(Beginning of PROVIDED RECORDS)

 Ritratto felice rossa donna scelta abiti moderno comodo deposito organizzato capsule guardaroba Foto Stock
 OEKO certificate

(End of PROVIDED RECORDS)
(Beginning of PROVIDED RECORDS)

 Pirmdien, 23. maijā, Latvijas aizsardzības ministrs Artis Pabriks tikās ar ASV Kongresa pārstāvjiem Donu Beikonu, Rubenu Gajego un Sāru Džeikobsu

(End of PROVIDED RECORDS)
(Beginning of PROVIDED RECORDS)

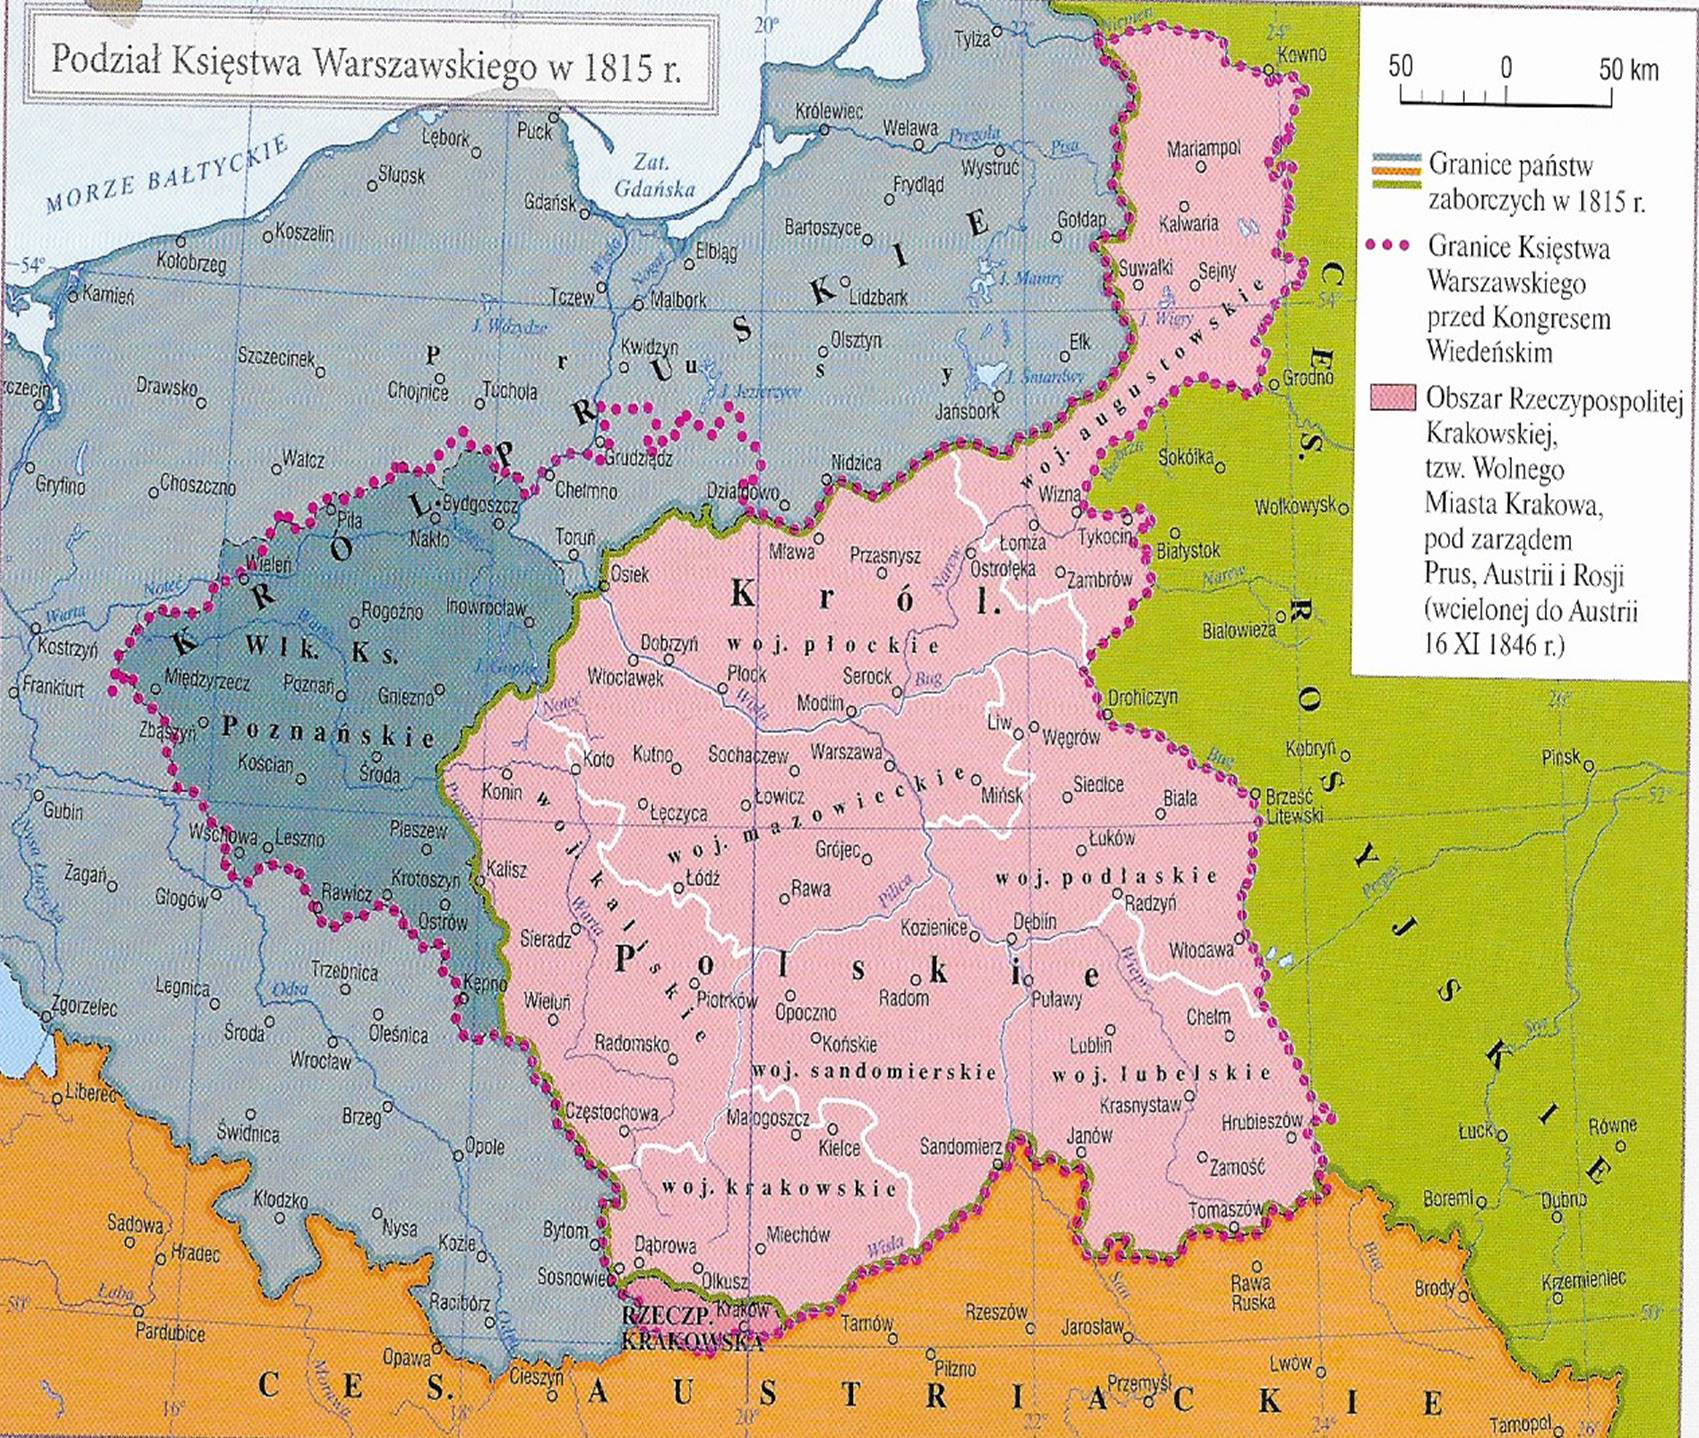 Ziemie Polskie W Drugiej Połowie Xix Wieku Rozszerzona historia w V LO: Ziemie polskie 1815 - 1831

(End of PROVIDED RECORDS)

WHAT TO PRODUCE
Set down, exactly as they appear above, all lines from the one that has "Ritratto felice rossa" down to the one that has "OEKO certificate", including those two and no others.

ANSWER TO THIS TASK
 Ritratto felice rossa donna scelta abiti moderno comodo deposito organizzato capsule guardaroba Foto Stock
 OEKO certificate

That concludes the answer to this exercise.